В ответ на это она засмеялась, и в смехе ее было столько горечи, что у меня невольно сжалось сердце от жалости.
– Несчастные всегда остаются невредимыми, – сказала она.
Вспомнив, как недавно еще я видел ее в первом упоении брачной любви, я почувствовал к ней глубокое, искреннее сострадание. Но ответственность, которую налагало на меня присутствие его величества, не позволяло мне выказать свои чувства. Я с радостью проводил бы ее до дому, но не смел этого сделать. И я был вынужден довольствоваться меньшим. Я собирался предложить ей одного из своих людей, чтобы проводить ее, как вдруг стук в наружную дверь заставил приготовленные слова замереть у меня на губах. Сделав ей знак молчать, я прислушался. Стук повторился и становился все настойчивей. В верхней части двери была маленькая решетка из крепко переплетенной проволоки. Я собирался уже отворить ее, чтобы посмотреть, что там такое, как вдруг услышал голос Симона, умолявшего поскорей отворить ему. Сомневаясь в его благоразумии и боясь в то же время отказать ему, дабы не лишиться новых известий, я, немного подождав, наконец решился снять запоры.

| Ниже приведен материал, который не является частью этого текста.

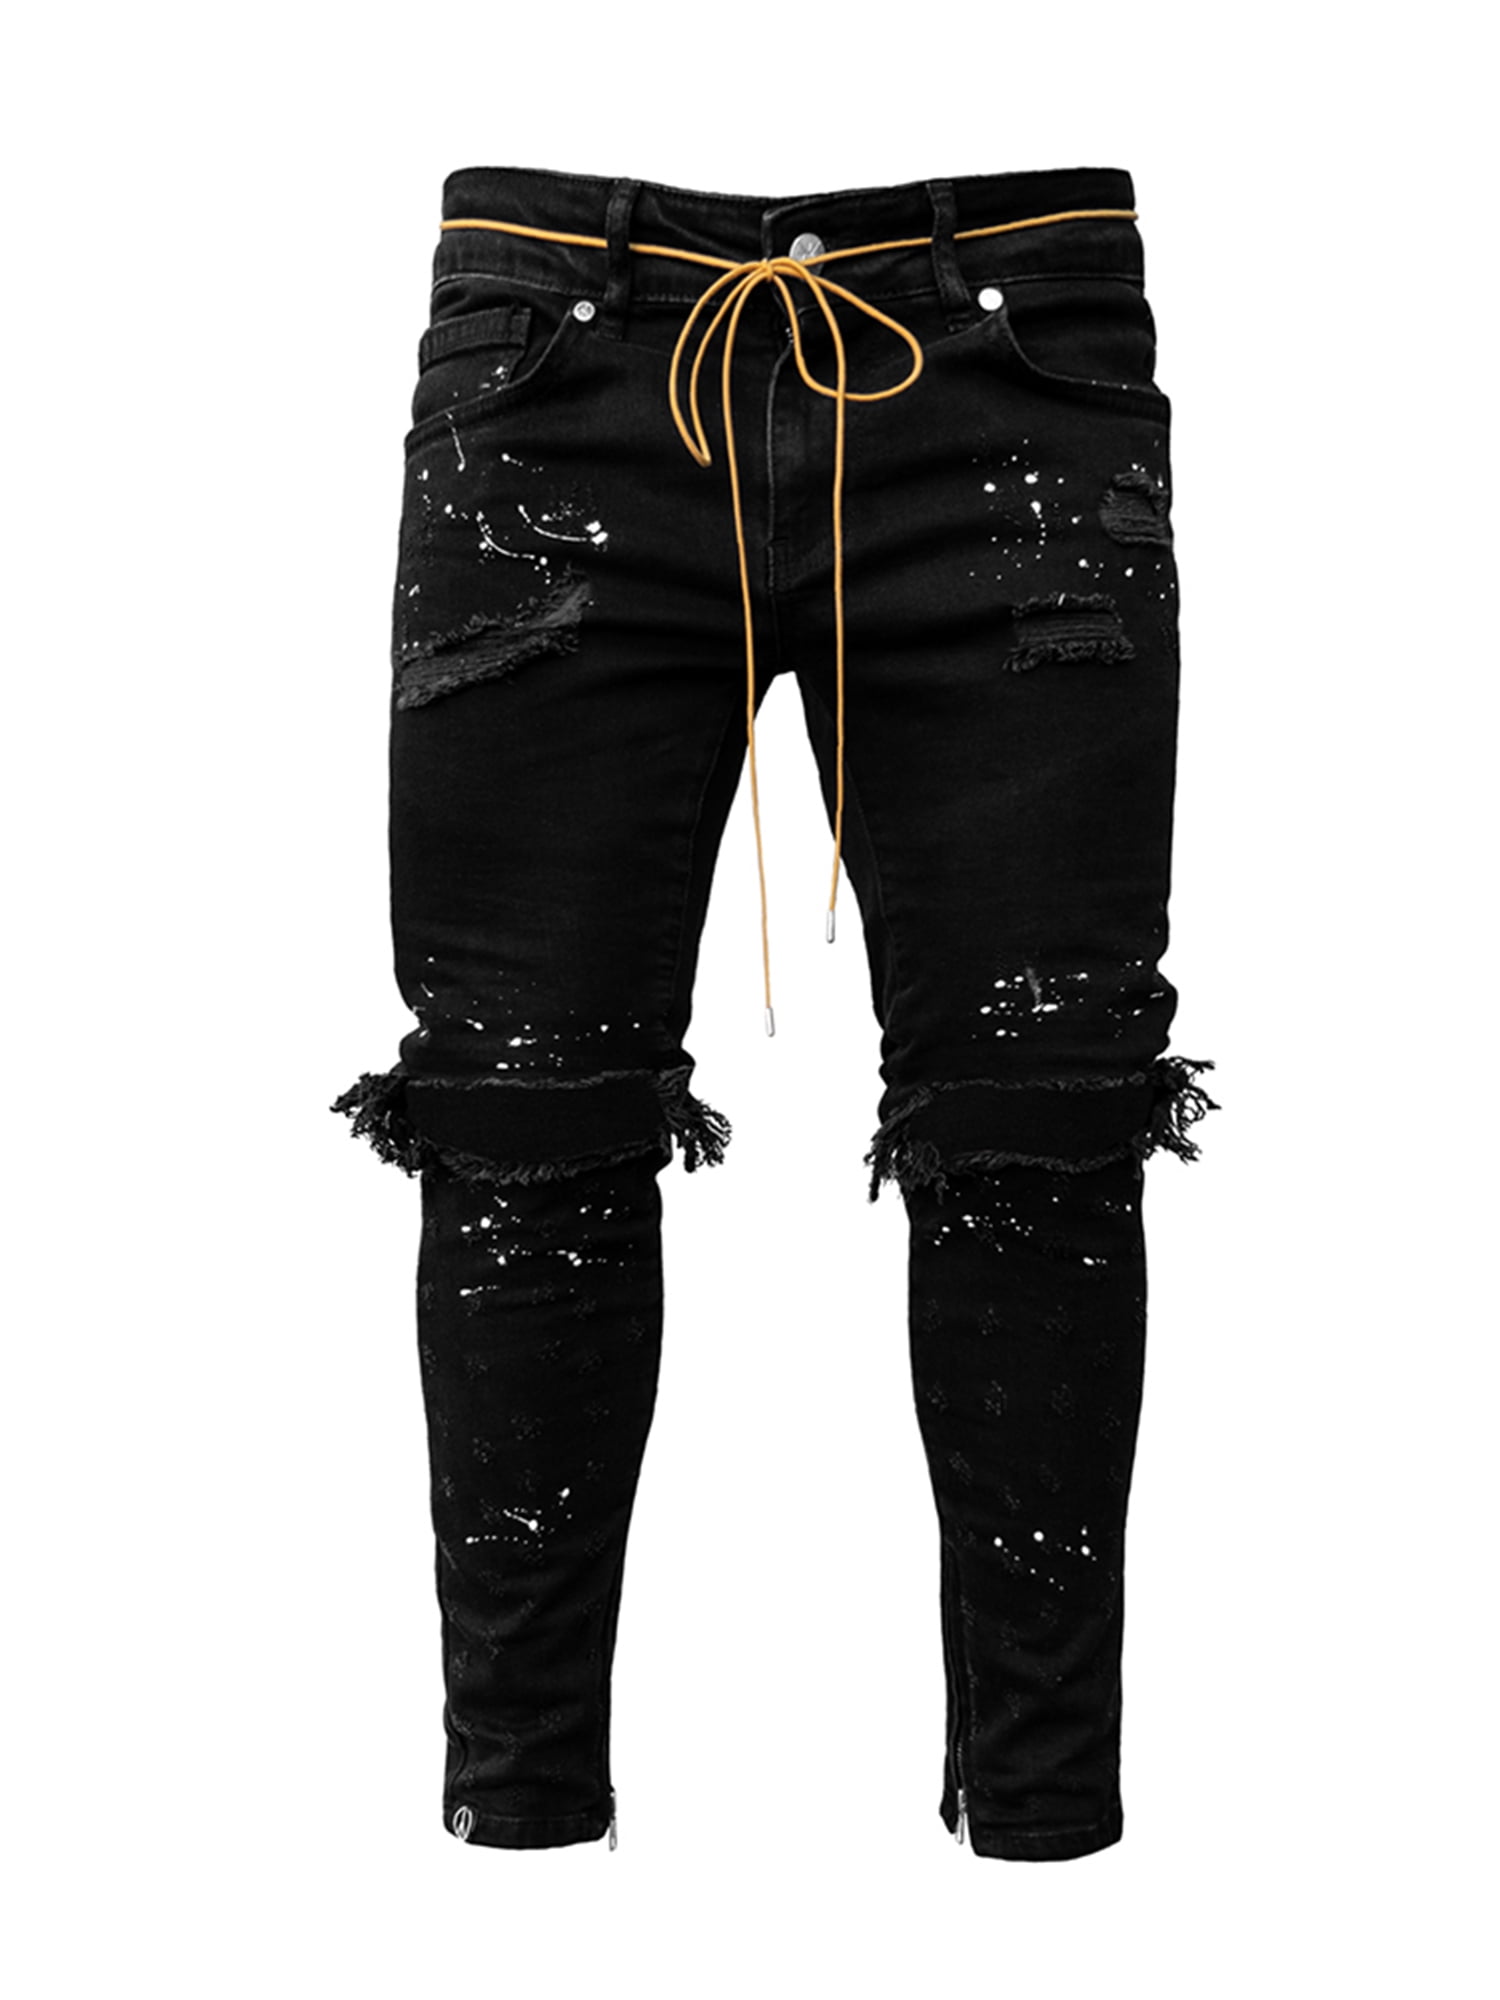 Allonly Womens Destroyed Skinny Fit Stretch Wrinkle Design Patchwork Ripped Biker Jeans Pencil Pants with Zippers

Как только дверь отворилась, Симон вскочил в комнату, крича мне, чтоб я захлопнул за ним дверь. Выглянув, я при свете факелов увидел человек шесть-семь мужчин, с распухшими багровыми физиономиями, собиравшихся, по-видимому, взобраться по лестнице. Увидев меня, они подняли торжествующий крик и бросились к двери. Но мы успели запереть ее и наложить два железных засова. Яростный крик снаружи перешел в глухой, гул; а мы, чувствуя себя хоть на время в безопасности, могли наконец спокойно взглянуть друг на друга и заметить те перемены, которые внезапная тревога произвела в лице каждого из нас. Мадам де Брюль была бледна, как полотно; у Симона глаза, казалось, готовы были выскочить из орбит, и он дрожал от страха всеми членами. Сначала на мой вопрос, что все это значит, он не мог ничего сказать. Выведенный из терпения, я схватил его за шиворот с целью так или иначе заставить его отвечать, как вдруг отворилась дверь из внутренней комнаты и показался сам король. На лице его была написана живейшая радость от услышанного рассказа; и видно было, что он не имел ни малейшего понятия о том, что творилось у нас. Но увидев, что я держу Симона, а дама лежит на полу у двери без признаков жизни, он остановился и с изумлением потребовал объяснений.
– Боюсь, государь, что мы осаждены, – с отчаянием ответил я, чувствуя, что мои тревоги и опасения с приходом короля удесятерялись, – только еще не могу сказать – кем. Но этот человек знает, – продолжал я, указывая на Симона, – и он должен сказать. Ну ты, трус! – сказал я последнему, сердито тряся его за руку. – Говори скорей, что ты знаешь!
– Старшина-маршал! – воскликнул Симон, оцепенев от страха при виде короля, так как Генрих снял свою маску. – Я был в карауле внизу и поднялся на несколько ступенек, чтобы укрыться от холода, как вдруг услышал, что они вошли. Здесь их будет добрых два десятка.
Я энергично выругался и спросил его, почему же он не предупредил Мэньяна, который с его людьми был теперь отрезан от нас в верхних комнатах.
– Старшина здесь, государь, – отвечал Симон, отворачиваясь от меня с искаженным лицом.
Я думал, что он врет и выдумал все это с перепугу. Но в эту минуту осаждающие стали усиленно напирать и стучать в дверь, требуя, чтобы мы отворили ее, и изрыгая такие громкие ругательства, что они были слышны даже сквозь толстые дубовые двери, сгоняя румянец со щек женщин и заставив самого короля замедлить свои шаги, что не ускользнуло от моего внимания. В их криках я мог ясно различить слова: «Именем короля!» Отсюда я вывел утешительное, заключение: раз уж нам приходилось иметь дело с законом, то на нашей стороне было нечто выше и посильнее закона. И я быстро сообразил, что следовало делать.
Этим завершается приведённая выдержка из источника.